§ **What to produce**
The listing below holds pictures; exclude them. Return exactly the lines from the one with "Trådløse on-ear hovedtelefoner" through the one with "illustration florale numéro".

§ **Extracted material**
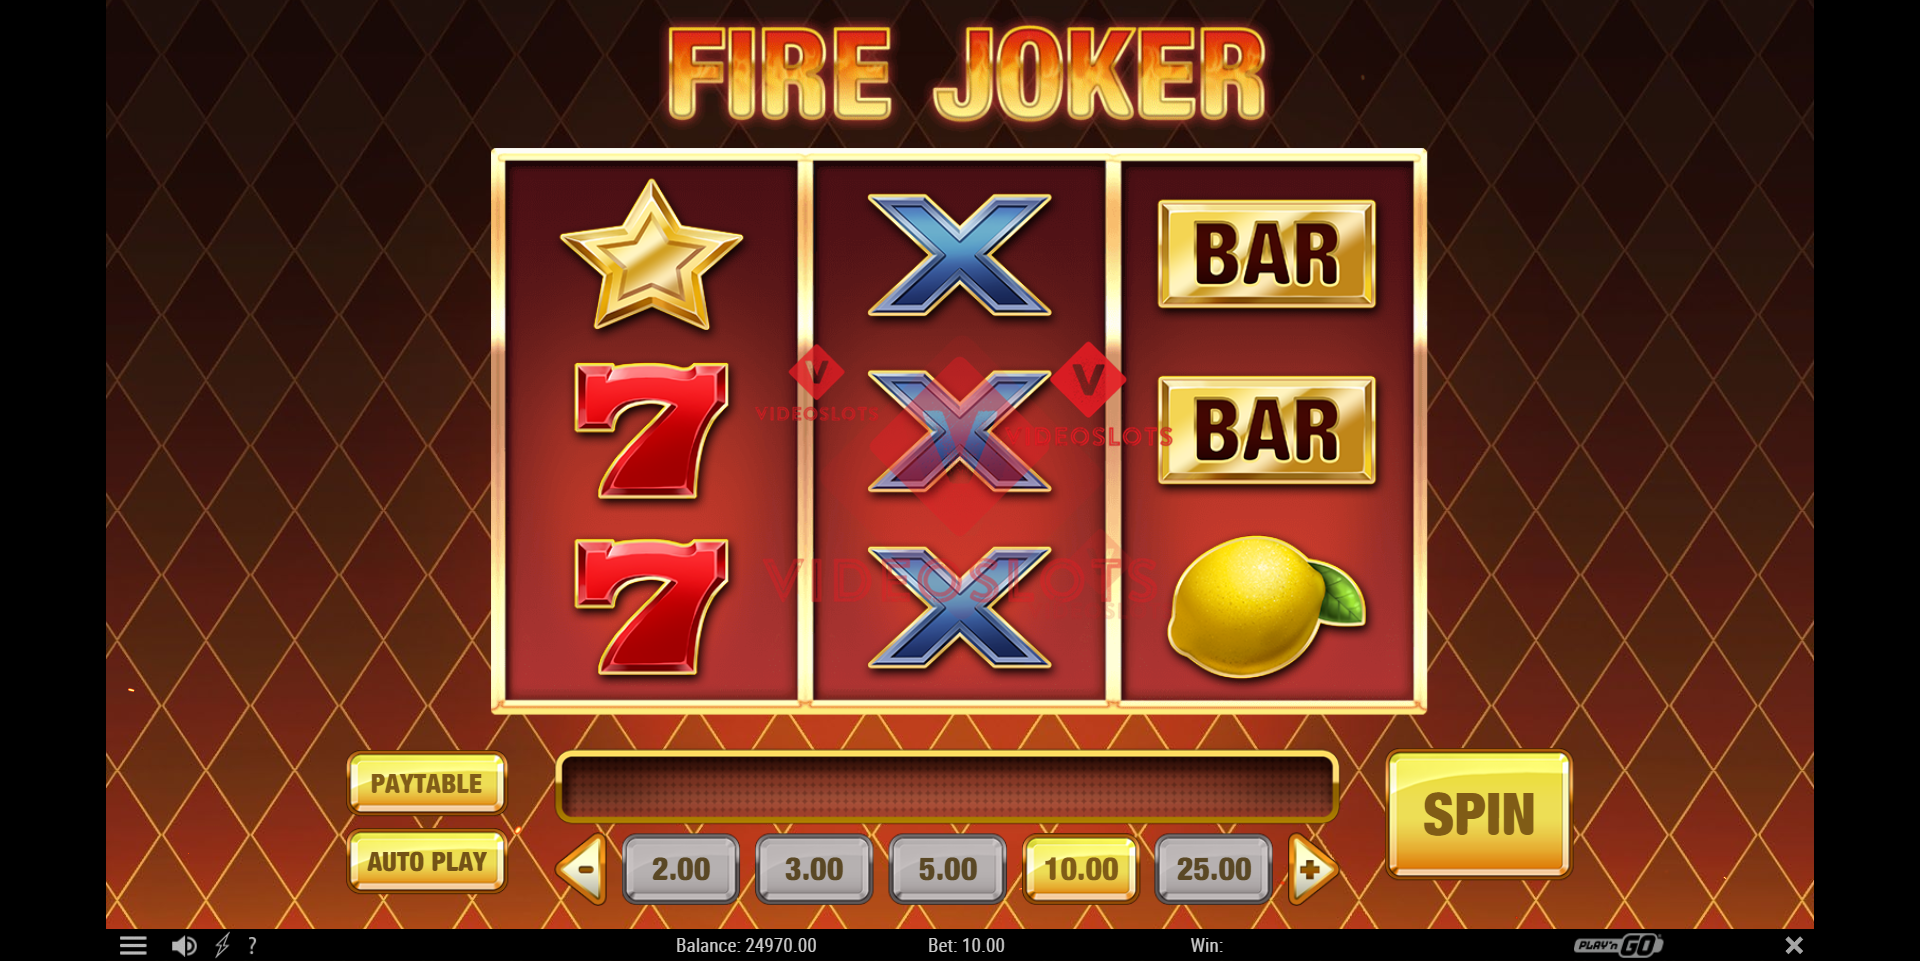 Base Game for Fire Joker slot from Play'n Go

...

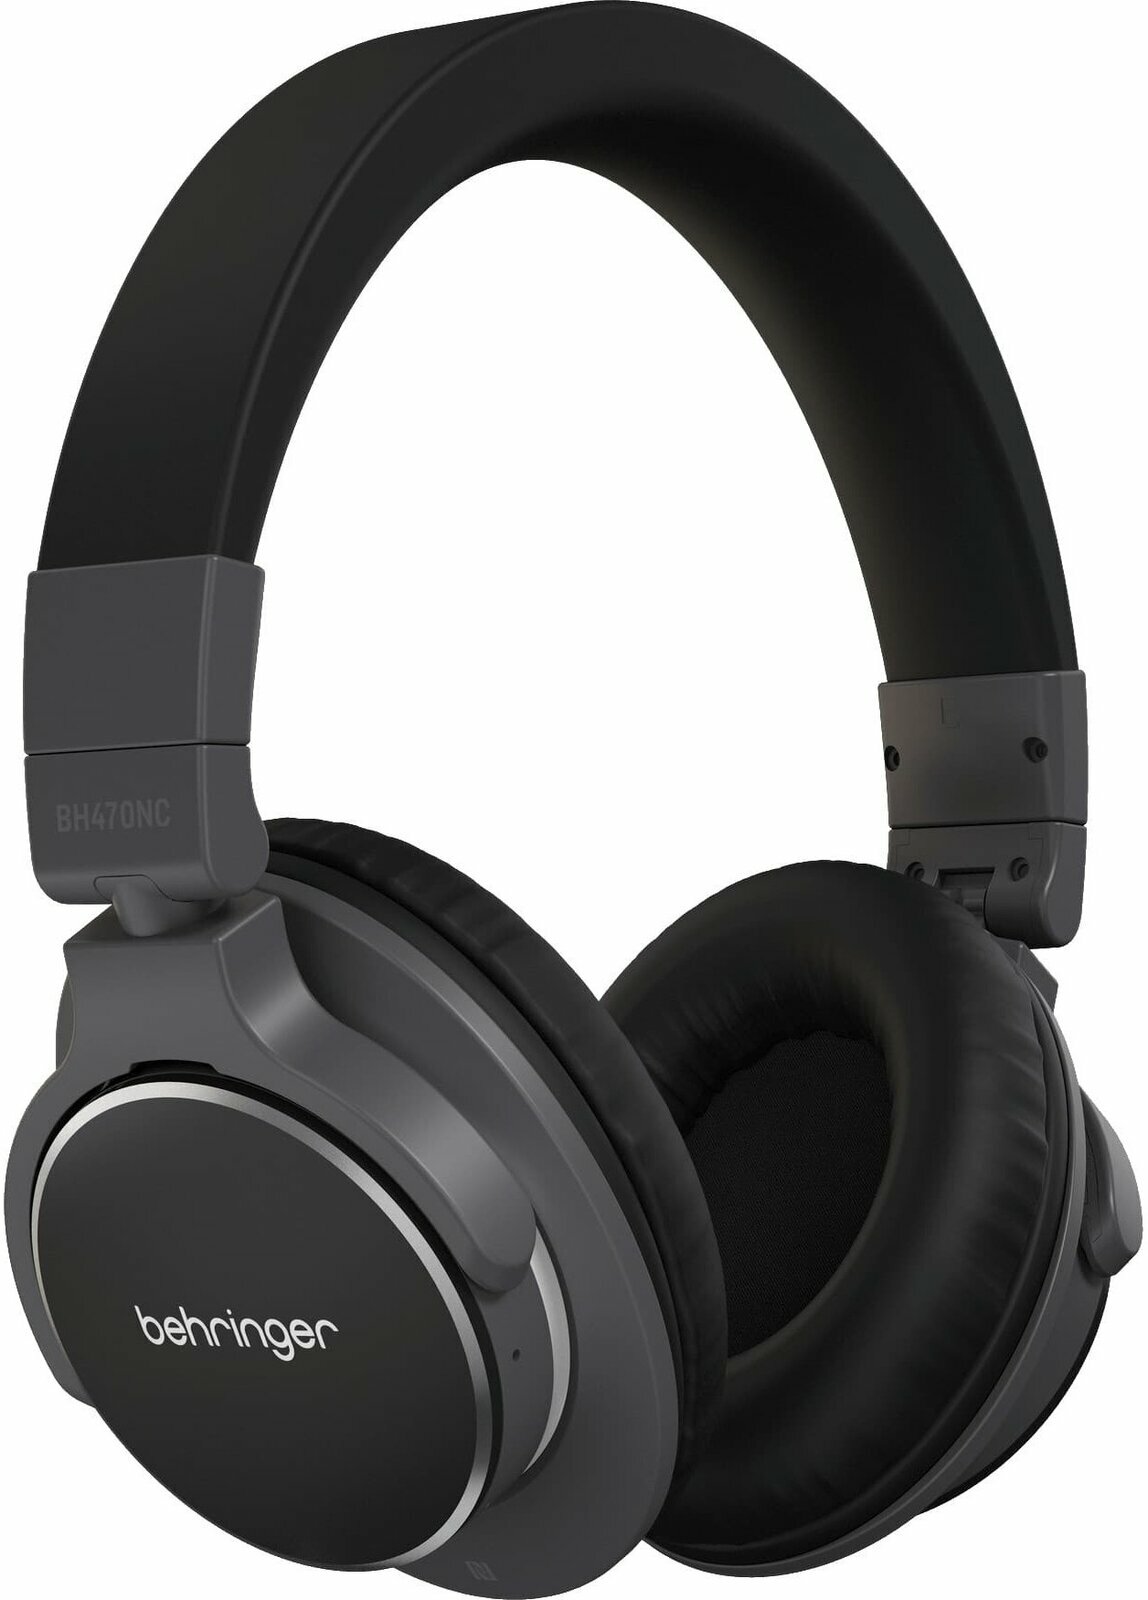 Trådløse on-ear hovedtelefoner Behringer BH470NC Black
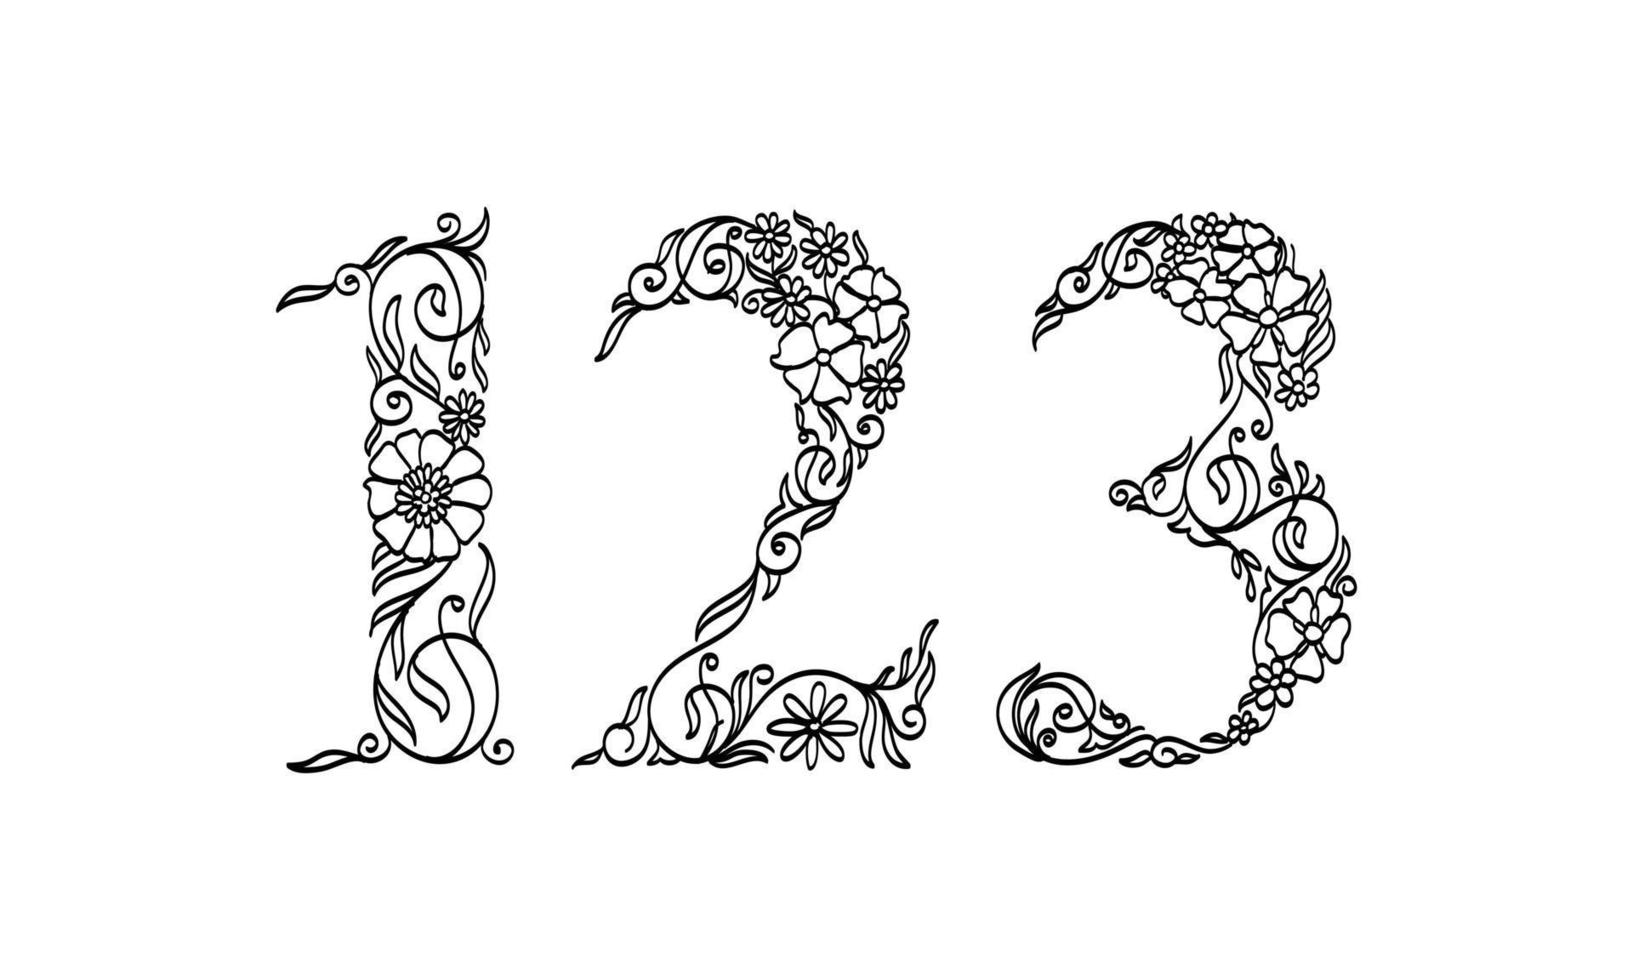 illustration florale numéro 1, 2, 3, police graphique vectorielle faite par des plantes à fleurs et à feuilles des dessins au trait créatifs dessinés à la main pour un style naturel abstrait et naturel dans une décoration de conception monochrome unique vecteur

§ **Task response**
 Trådløse on-ear hovedtelefoner Behringer BH470NC Black
 illustration florale numéro 1, 2, 3, police graphique vectorielle faite par des plantes à fleurs et à feuilles des dessins au trait créatifs dessinés à la main pour un style naturel abstrait et naturel dans une décoration de conception monochrome unique vecteur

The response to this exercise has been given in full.